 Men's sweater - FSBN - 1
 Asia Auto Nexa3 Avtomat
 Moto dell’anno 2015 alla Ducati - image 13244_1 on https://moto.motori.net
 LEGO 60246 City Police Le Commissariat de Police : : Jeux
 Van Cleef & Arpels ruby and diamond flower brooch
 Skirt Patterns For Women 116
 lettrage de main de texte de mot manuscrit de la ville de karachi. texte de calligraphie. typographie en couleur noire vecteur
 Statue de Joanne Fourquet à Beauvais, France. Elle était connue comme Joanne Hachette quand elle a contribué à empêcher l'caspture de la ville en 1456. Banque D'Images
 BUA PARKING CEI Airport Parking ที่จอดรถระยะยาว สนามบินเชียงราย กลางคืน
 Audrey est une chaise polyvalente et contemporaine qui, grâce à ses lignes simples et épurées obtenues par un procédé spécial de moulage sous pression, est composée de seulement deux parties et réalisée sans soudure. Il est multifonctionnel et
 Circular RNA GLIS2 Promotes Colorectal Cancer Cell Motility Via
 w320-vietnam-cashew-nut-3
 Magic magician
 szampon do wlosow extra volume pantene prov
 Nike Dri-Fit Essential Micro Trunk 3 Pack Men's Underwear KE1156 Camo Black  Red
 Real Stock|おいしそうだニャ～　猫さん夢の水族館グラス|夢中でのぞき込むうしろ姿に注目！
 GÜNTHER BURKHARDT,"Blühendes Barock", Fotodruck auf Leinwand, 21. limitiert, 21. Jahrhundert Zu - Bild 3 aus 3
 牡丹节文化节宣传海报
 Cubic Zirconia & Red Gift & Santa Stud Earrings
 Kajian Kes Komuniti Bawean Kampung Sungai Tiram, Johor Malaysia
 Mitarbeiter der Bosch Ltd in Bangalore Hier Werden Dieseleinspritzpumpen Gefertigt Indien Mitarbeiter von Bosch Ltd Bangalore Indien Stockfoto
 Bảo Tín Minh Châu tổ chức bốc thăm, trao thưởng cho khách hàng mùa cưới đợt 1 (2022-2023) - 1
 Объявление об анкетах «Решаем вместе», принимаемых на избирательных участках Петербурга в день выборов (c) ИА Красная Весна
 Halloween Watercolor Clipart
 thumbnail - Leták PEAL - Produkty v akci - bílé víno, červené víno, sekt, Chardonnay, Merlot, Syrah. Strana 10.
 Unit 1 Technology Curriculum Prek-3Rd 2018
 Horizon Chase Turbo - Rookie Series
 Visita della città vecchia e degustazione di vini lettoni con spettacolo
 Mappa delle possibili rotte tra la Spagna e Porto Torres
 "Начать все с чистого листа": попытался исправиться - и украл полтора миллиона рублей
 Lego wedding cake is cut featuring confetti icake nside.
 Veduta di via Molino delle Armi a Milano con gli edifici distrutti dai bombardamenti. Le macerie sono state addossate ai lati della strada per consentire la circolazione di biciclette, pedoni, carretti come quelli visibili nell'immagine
···
▸ **Goal of the exercise**: Lines holding "della": count them across the data and reply with the number alone.

▸ **Response**: 2